5.His  notes home were not sanitized by close teacher’s supervision but were results of Robert’s independent efforts, his real struggles to come up with words that would carry the information.  I got a few notes written by Robert.  I had difficulties understanding them, but I figured them out.   They were clumsy and not without errors. However, the fact that Robert wrote them without help or with a very little help had an important benefit.  He remembered the written message so well, that he could tell me what the note was about without reading.  One note, for instance,stated that he said he should bring chips to cookout, and that was the thing he told me, repeating message a few times to make sure that I understood. I did.
Never before, he carried any message from school.
Many times I asked him what happened at school and he didn’t know what to say.  With the help from his teachers he made a list of daily activities, which I read and used it to  force conversation about the school. But he has never carried even one message home in his brain. Always on paper.  He had never told me what the teacher did or asked him to do. This was the first and the only time he carried home the message from school.

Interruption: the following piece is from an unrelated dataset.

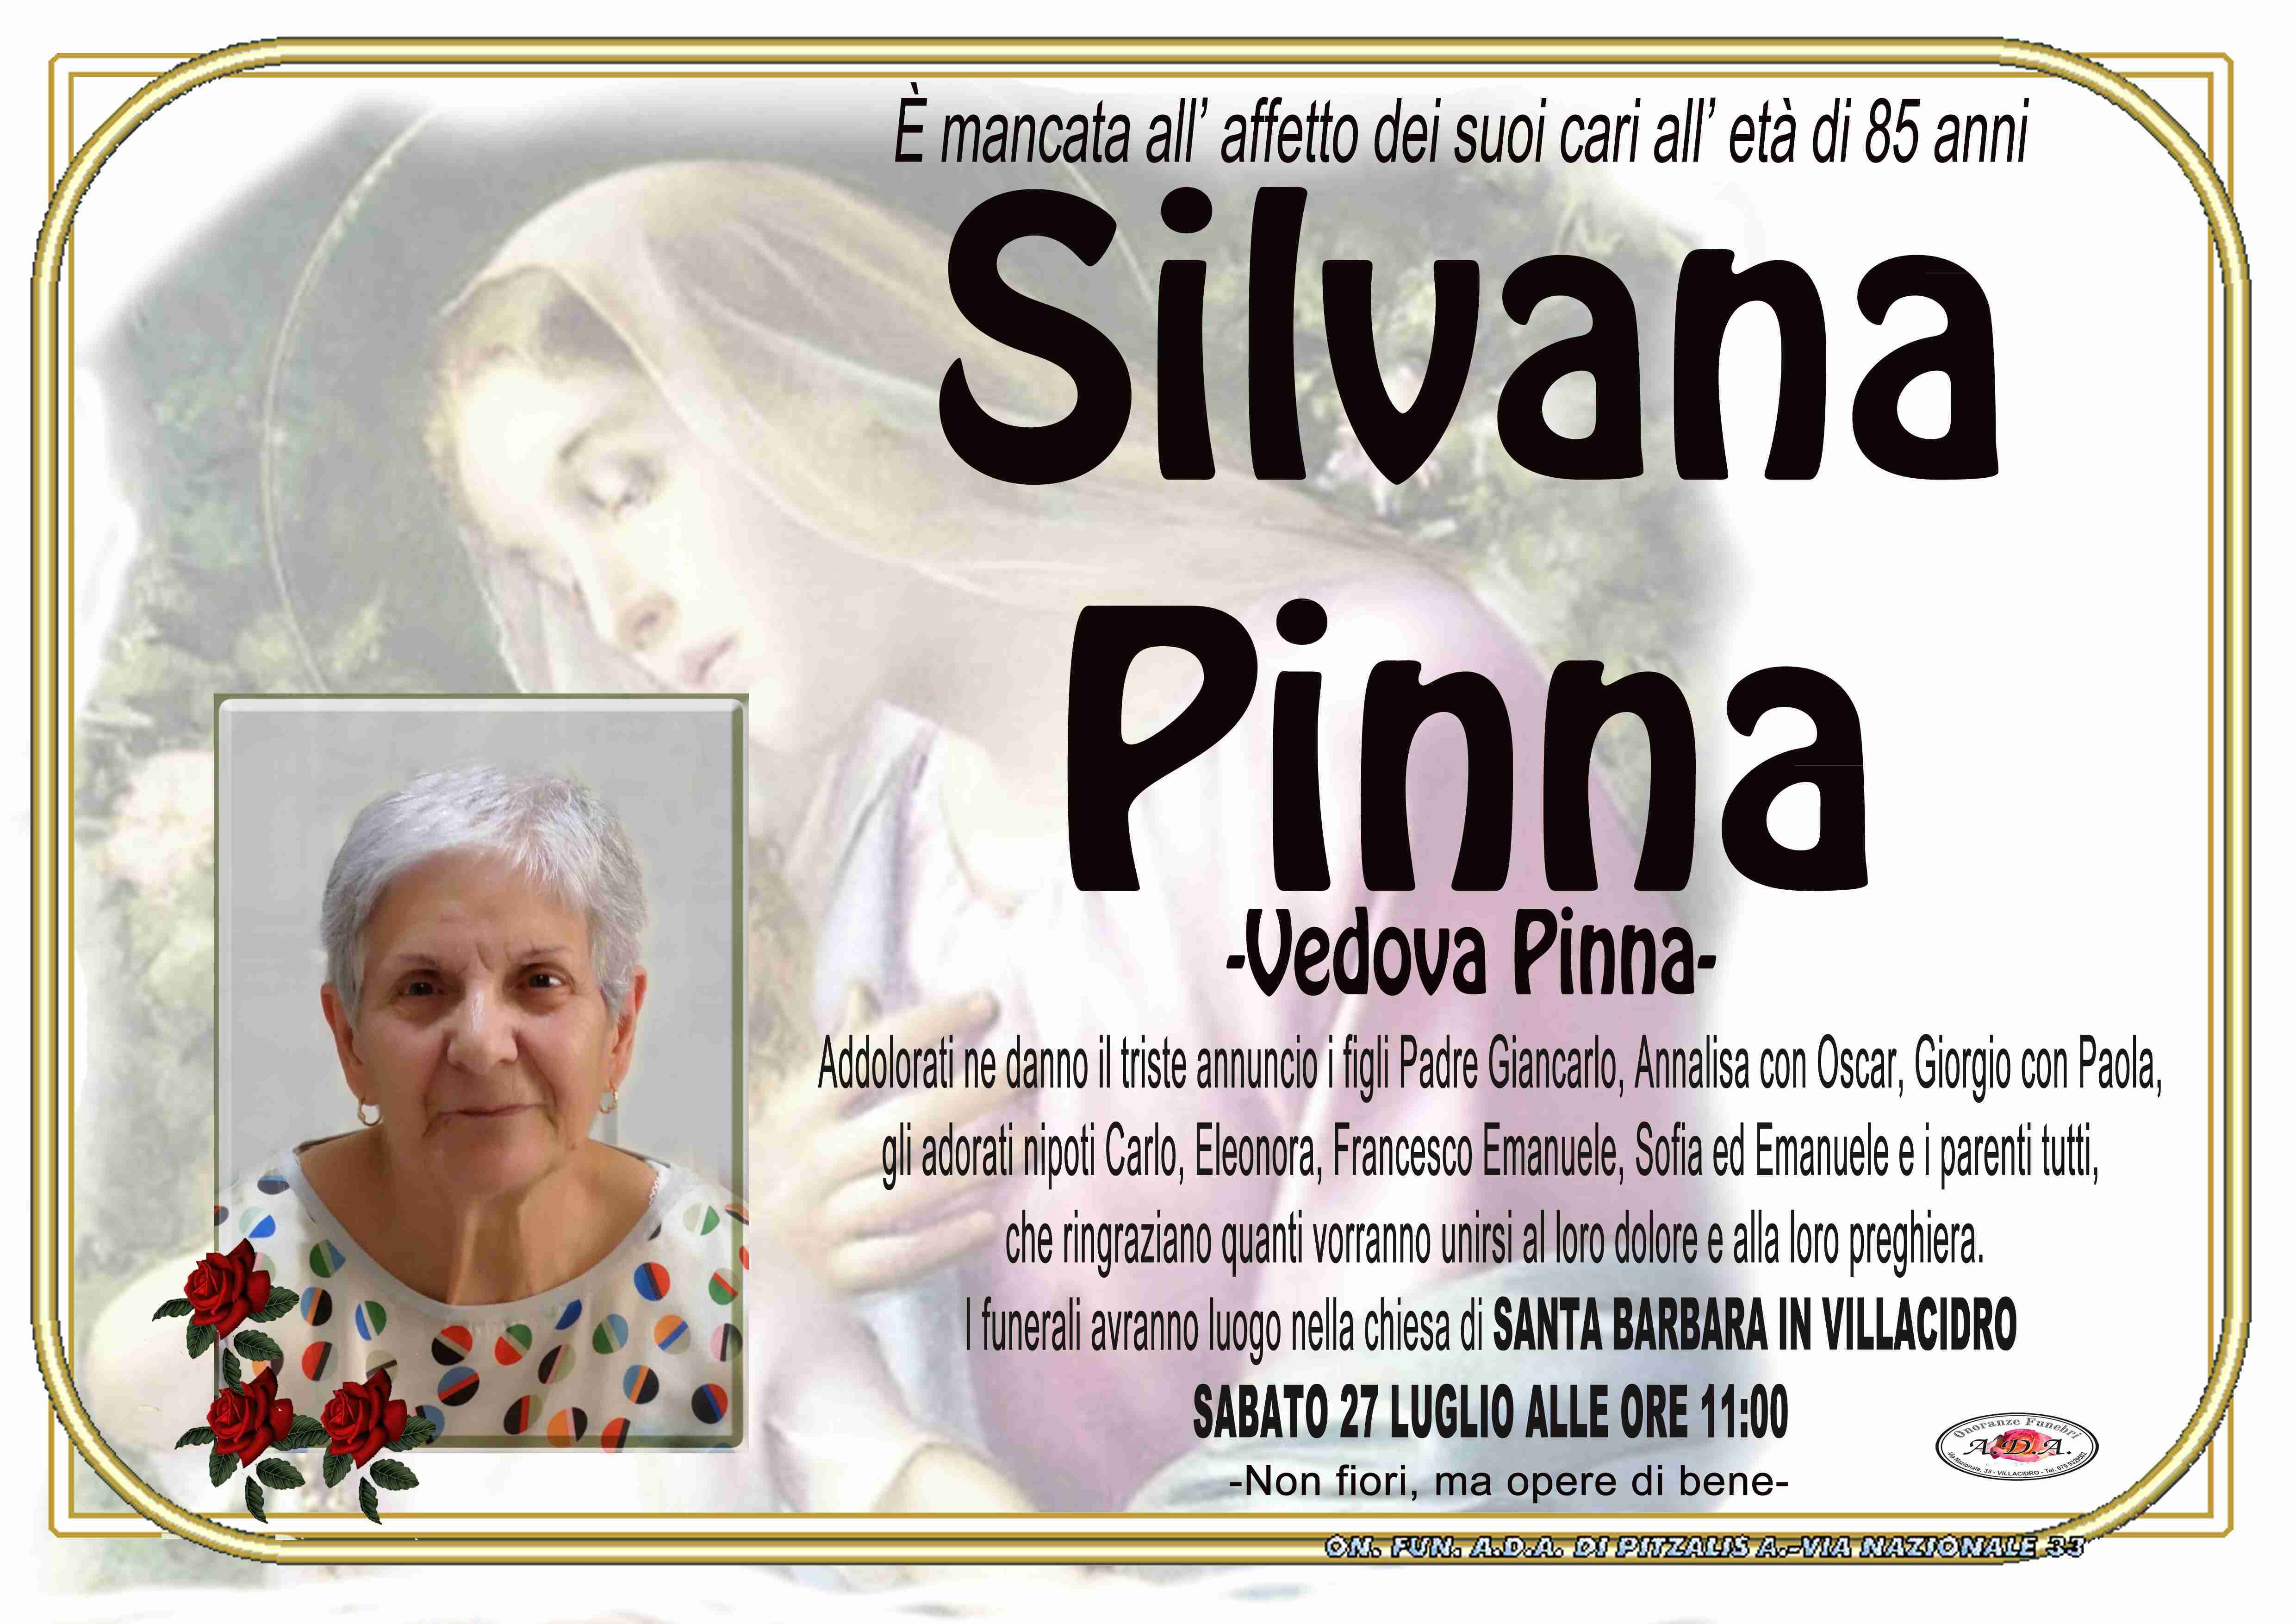 Silvana Pinna

6.  I also wonder if the number of students and varied activities were not  factors in Robert showing less OCD’s (Obsessive compulsive disorder) behaviors.  As if being exposed to richness and complexities of other students, their varied behaviors, different personalities  resulted in more tolerance for changes.  This is something which had already struck me the previous summer, but I dismissed that as a coincidence.  Now, I think there is a connection….

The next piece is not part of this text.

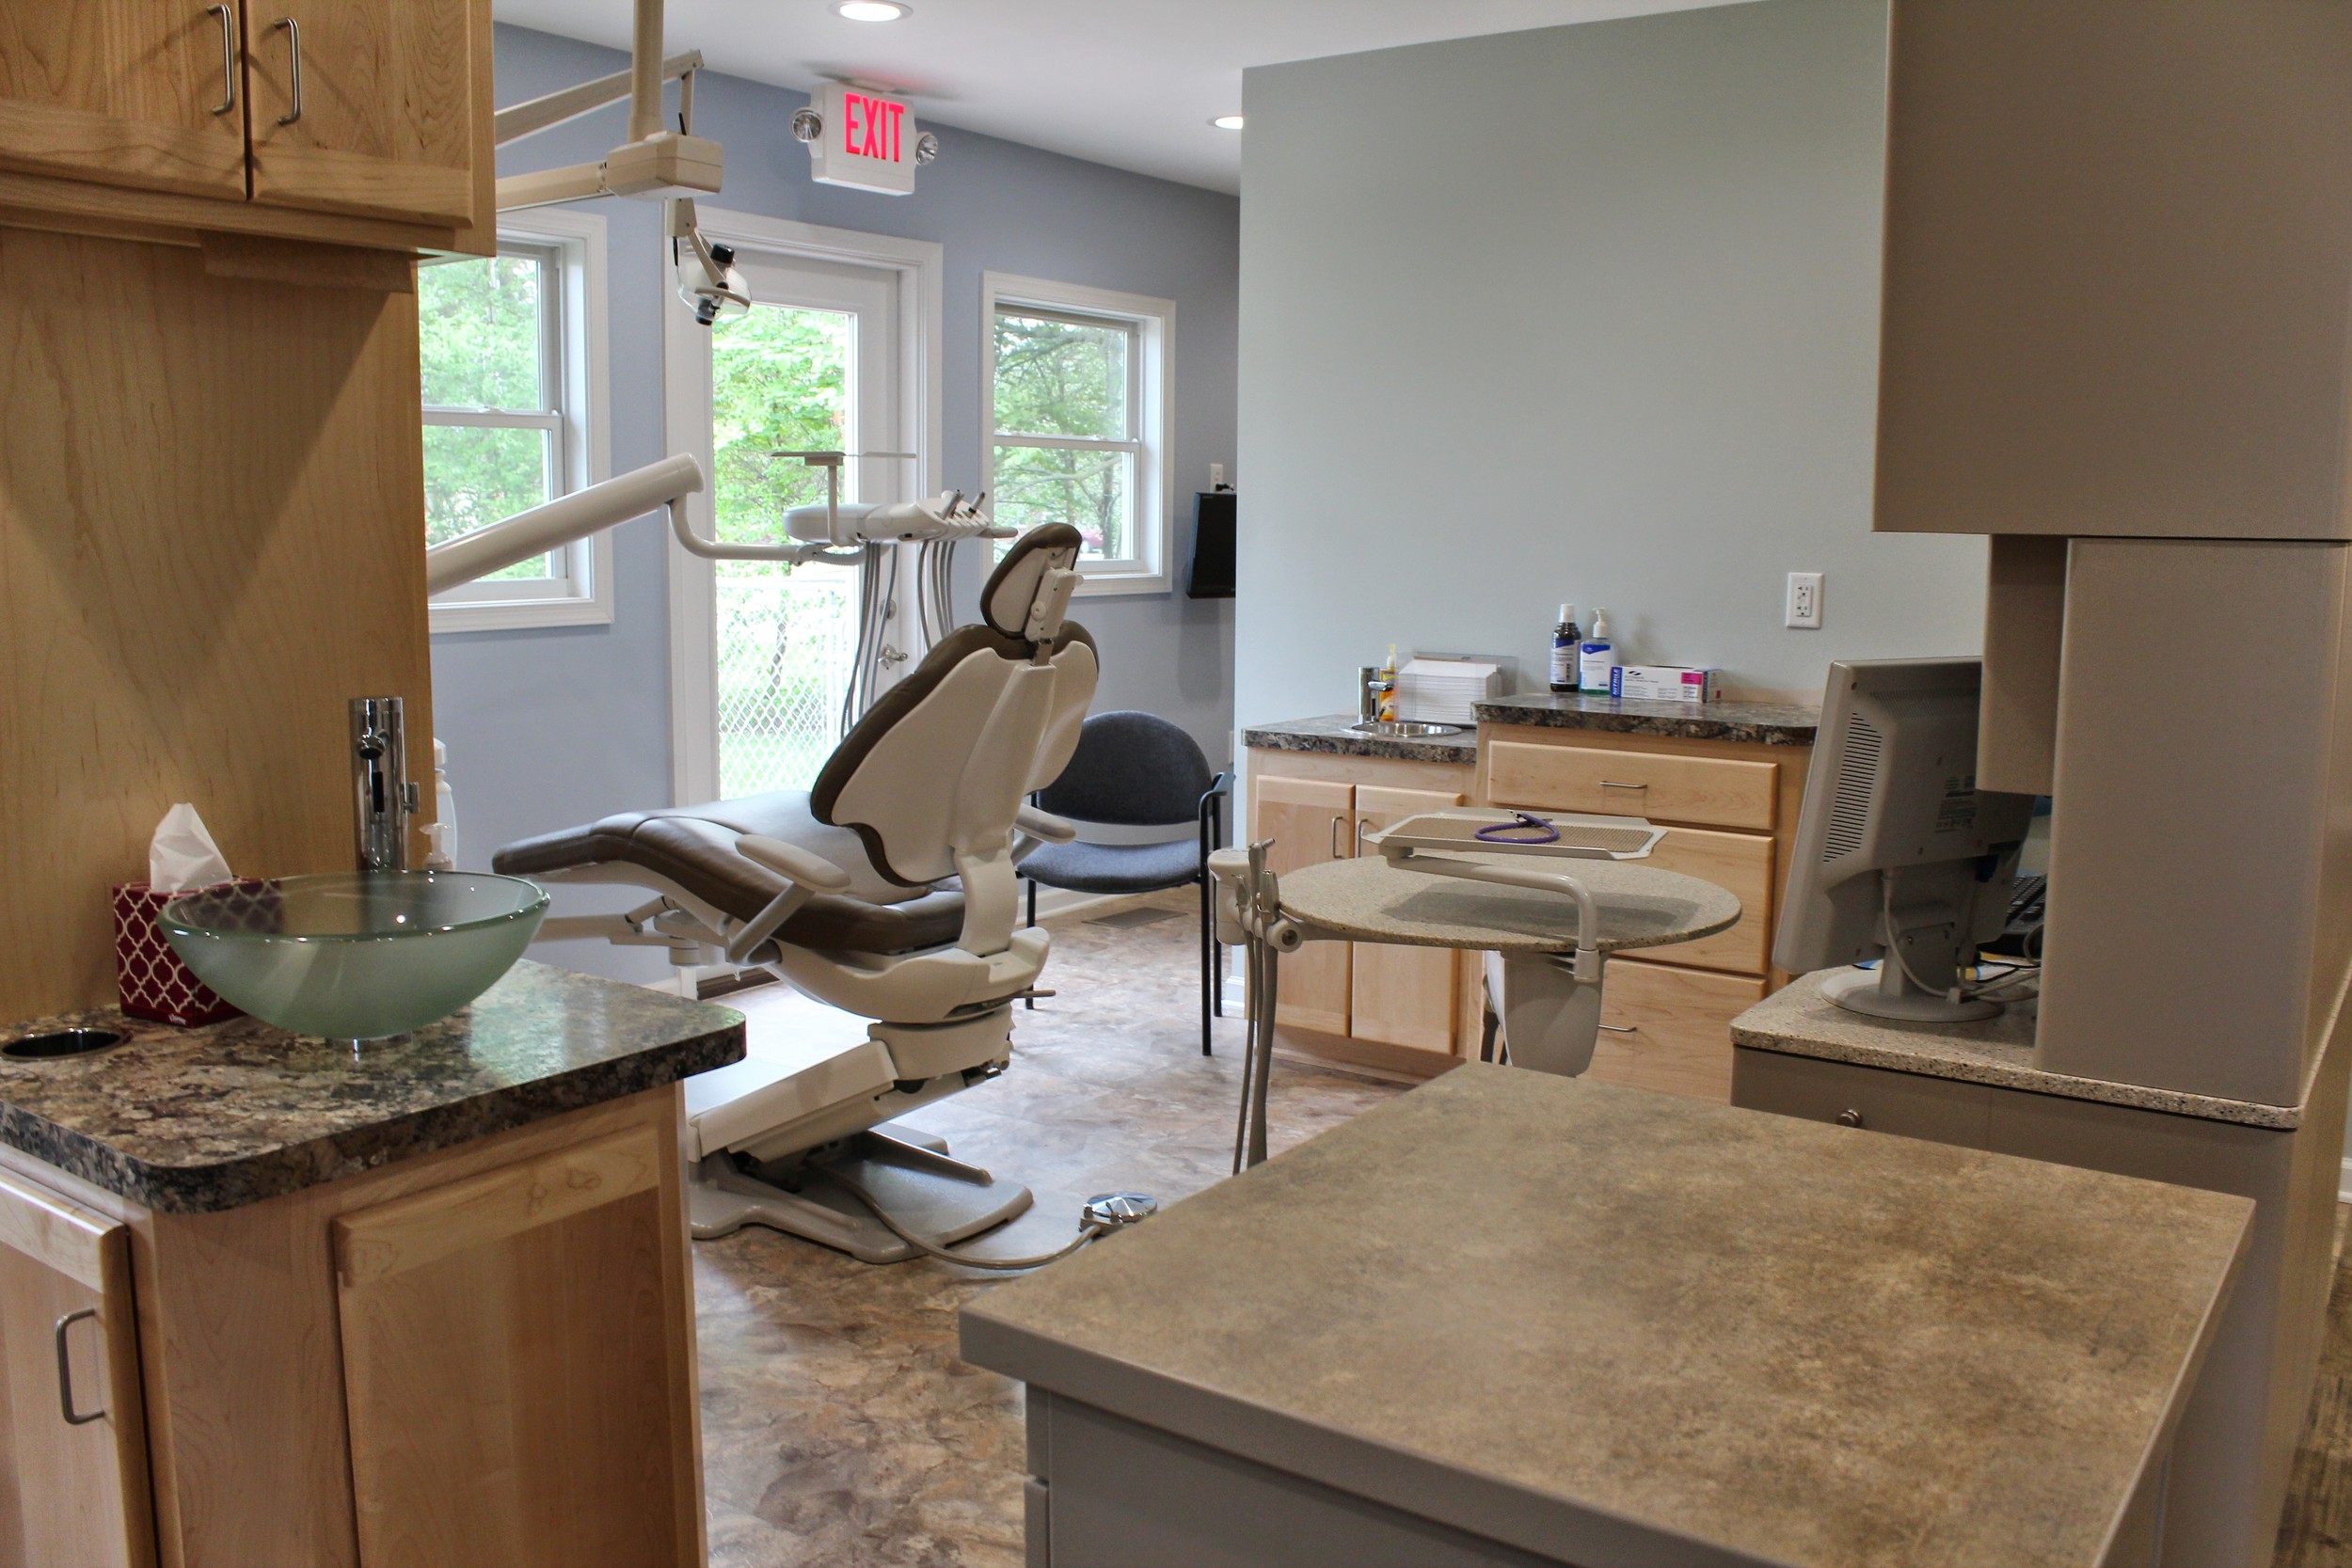 North River Dentistry renovation photos - operatory

Robert had a busy summer.  I had a busy summer as well.  Robert wanted to learn more, to know more, to talk better.  He was the force behind our studies together, not me.  So we did a lot of work.  Robert kept me busy and so I didn’t write much.

Every day, Robert puts some of the worksheets in the red folder. He places the folder in his backpack.  He expects to go to the collaborative again.  The red folder is getting ticker and ticker.  I am telling Robert that the program is over.  He doesn’t want to believe me.    He found a place for himself.  How can he not go there again?